Records contained in a dataset:
- - - - -
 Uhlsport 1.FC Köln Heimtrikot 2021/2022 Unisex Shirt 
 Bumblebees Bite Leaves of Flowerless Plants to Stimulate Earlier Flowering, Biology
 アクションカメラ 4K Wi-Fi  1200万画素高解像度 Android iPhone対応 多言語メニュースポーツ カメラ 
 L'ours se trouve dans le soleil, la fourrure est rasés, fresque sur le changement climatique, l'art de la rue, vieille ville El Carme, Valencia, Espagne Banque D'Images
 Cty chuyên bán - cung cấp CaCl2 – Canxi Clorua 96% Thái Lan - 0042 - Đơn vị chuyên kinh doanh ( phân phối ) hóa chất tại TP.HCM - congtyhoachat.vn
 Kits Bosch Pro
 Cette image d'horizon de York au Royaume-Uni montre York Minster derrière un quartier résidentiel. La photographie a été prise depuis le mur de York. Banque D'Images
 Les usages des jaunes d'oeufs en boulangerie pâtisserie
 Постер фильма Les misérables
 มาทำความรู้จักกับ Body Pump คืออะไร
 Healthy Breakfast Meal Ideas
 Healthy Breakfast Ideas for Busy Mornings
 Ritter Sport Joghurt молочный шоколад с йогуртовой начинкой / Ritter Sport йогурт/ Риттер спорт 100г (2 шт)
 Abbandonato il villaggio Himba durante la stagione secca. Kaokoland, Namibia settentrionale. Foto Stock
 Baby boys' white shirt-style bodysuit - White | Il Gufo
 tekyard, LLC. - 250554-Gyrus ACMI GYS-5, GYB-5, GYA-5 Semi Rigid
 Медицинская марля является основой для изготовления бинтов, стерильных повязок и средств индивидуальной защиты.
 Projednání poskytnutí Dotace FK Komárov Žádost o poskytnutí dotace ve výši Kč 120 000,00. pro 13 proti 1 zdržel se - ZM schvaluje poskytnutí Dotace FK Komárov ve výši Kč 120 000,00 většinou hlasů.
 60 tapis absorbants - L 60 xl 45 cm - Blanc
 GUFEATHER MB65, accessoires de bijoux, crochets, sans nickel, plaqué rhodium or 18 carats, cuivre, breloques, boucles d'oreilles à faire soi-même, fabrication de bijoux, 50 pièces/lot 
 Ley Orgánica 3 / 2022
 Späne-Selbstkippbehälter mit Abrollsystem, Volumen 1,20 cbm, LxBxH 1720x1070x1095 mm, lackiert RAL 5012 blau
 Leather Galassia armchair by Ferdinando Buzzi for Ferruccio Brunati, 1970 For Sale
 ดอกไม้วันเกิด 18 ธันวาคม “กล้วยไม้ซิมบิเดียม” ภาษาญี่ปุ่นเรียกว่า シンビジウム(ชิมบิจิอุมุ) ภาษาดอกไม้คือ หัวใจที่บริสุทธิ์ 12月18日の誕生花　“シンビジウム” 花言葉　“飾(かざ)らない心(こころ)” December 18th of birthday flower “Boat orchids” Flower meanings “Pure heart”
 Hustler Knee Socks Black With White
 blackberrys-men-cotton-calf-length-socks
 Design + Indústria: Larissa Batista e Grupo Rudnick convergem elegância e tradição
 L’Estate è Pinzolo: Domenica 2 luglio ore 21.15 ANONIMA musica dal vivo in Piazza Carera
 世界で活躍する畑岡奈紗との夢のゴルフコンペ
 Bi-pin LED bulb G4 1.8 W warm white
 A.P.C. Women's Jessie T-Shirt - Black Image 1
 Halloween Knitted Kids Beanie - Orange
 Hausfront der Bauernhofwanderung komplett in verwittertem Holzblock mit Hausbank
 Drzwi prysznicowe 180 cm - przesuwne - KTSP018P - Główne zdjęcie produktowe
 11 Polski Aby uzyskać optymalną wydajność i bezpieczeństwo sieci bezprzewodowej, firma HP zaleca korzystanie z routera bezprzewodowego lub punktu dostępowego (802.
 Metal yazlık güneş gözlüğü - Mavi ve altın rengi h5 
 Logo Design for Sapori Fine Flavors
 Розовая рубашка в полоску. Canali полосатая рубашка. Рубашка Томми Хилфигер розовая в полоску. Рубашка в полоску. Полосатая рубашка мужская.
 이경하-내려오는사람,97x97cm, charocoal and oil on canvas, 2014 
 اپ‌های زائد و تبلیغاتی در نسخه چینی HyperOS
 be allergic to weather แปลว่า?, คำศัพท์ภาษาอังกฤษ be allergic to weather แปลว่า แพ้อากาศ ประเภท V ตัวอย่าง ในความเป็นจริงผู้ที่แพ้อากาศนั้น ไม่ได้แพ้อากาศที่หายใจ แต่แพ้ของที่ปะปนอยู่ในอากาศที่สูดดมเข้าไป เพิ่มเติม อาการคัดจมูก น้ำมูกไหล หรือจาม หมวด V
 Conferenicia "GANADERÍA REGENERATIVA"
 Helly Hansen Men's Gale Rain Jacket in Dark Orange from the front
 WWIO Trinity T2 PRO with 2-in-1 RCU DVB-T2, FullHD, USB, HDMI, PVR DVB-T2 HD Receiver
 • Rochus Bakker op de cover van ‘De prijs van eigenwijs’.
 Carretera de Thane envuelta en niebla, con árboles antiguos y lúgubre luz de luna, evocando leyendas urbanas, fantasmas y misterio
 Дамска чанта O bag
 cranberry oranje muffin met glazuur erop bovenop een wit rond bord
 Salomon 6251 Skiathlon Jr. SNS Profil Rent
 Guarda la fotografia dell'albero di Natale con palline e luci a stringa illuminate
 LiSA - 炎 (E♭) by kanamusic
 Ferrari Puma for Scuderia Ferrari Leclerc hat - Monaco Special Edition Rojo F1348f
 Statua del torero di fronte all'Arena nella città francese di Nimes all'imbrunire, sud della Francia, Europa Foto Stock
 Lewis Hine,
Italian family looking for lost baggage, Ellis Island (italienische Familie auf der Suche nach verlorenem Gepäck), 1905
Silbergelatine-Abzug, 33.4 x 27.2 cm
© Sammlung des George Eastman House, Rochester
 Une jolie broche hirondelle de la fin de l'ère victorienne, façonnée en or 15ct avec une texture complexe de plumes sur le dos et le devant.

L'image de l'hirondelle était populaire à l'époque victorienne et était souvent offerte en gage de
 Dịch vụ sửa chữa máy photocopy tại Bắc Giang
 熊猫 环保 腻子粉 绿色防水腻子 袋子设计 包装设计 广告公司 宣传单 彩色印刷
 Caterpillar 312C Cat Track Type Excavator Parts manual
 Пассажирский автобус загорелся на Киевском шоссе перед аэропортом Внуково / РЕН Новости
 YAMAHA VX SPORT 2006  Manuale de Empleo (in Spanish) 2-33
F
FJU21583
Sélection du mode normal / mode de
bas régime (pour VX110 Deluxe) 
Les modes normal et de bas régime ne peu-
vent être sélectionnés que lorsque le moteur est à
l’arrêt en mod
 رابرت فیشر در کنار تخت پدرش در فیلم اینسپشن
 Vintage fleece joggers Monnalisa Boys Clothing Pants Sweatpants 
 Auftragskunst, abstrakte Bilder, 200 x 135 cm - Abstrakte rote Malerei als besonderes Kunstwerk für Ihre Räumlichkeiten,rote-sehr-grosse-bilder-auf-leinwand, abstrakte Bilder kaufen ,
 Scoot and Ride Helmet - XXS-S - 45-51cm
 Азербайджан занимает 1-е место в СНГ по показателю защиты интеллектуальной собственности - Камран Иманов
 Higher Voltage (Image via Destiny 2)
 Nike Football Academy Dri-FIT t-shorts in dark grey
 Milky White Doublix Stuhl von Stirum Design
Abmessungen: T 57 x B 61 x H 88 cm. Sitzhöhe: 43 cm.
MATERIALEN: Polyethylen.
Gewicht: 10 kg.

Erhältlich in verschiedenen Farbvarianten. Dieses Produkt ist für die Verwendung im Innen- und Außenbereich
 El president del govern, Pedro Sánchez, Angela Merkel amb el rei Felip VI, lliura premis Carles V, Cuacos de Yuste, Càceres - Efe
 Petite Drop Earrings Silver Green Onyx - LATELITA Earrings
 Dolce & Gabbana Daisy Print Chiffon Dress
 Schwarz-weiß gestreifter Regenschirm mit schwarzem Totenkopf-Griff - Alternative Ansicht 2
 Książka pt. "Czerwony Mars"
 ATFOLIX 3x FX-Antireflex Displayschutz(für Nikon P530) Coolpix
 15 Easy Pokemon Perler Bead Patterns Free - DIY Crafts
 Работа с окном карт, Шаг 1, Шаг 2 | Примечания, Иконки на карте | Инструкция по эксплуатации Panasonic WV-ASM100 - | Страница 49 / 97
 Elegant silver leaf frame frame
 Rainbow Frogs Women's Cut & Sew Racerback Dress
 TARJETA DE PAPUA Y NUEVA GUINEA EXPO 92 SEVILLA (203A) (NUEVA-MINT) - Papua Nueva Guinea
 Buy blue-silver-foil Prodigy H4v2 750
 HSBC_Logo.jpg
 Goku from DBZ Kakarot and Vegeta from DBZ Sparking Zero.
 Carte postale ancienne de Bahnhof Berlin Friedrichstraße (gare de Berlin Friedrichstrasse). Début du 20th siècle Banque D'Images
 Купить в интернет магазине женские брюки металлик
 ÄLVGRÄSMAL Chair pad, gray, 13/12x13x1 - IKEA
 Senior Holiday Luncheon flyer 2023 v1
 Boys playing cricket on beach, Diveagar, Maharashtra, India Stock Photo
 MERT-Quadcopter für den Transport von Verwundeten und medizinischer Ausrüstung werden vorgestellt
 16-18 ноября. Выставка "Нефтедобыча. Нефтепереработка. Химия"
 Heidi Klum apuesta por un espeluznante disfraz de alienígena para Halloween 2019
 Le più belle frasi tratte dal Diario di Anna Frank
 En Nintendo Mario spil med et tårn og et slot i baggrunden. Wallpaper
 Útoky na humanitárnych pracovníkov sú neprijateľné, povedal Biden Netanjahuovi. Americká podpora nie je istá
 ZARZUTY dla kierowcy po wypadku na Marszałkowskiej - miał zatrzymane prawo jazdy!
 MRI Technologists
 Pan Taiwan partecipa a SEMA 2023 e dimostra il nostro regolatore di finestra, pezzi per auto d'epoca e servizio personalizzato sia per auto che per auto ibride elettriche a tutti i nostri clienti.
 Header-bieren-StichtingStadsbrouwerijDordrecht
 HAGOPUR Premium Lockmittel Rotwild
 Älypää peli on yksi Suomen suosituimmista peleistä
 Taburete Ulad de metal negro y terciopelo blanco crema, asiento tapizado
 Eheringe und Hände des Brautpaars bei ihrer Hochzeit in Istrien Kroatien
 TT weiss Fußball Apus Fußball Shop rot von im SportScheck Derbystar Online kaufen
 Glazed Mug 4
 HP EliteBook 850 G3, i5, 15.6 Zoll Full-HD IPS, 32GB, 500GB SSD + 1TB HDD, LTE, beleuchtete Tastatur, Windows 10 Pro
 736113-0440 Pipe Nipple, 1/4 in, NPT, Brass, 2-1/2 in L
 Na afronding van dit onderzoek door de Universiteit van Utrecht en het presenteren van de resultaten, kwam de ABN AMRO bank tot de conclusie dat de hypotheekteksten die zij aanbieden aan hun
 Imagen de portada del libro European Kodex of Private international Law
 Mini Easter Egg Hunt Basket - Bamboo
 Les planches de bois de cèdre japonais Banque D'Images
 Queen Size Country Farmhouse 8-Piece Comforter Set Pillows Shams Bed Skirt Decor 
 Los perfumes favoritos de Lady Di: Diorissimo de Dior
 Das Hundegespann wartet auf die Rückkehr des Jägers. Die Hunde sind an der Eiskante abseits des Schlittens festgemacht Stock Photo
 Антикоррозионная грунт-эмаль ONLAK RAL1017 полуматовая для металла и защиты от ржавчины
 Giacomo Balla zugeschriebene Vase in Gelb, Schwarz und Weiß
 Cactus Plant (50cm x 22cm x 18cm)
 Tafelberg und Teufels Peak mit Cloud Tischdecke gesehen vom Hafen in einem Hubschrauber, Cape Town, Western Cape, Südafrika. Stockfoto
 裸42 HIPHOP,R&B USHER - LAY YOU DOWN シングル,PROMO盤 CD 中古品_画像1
- - - - -
Exercise:
Begin at the line containing "TT weiss Fußball" and reproduce each line through the end of the records above.

Output of the task:
 TT weiss Fußball Apus Fußball Shop rot von im SportScheck Derbystar Online kaufen
 Glazed Mug 4
 HP EliteBook 850 G3, i5, 15.6 Zoll Full-HD IPS, 32GB, 500GB SSD + 1TB HDD, LTE, beleuchtete Tastatur, Windows 10 Pro
 736113-0440 Pipe Nipple, 1/4 in, NPT, Brass, 2-1/2 in L
 Na afronding van dit onderzoek door de Universiteit van Utrecht en het presenteren van de resultaten, kwam de ABN AMRO bank tot de conclusie dat de hypotheekteksten die zij aanbieden aan hun
 Imagen de portada del libro European Kodex of Private international Law
 Mini Easter Egg Hunt Basket - Bamboo
 Les planches de bois de cèdre japonais Banque D'Images
 Queen Size Country Farmhouse 8-Piece Comforter Set Pillows Shams Bed Skirt Decor 
 Los perfumes favoritos de Lady Di: Diorissimo de Dior
 Das Hundegespann wartet auf die Rückkehr des Jägers. Die Hunde sind an der Eiskante abseits des Schlittens festgemacht Stock Photo
 Антикоррозионная грунт-эмаль ONLAK RAL1017 полуматовая для металла и защиты от ржавчины
 Giacomo Balla zugeschriebene Vase in Gelb, Schwarz und Weiß
 Cactus Plant (50cm x 22cm x 18cm)
 Tafelberg und Teufels Peak mit Cloud Tischdecke gesehen vom Hafen in einem Hubschrauber, Cape Town, Western Cape, Südafrika. Stockfoto
 裸42 HIPHOP,R&B USHER - LAY YOU DOWN シングル,PROMO盤 CD 中古品_画像1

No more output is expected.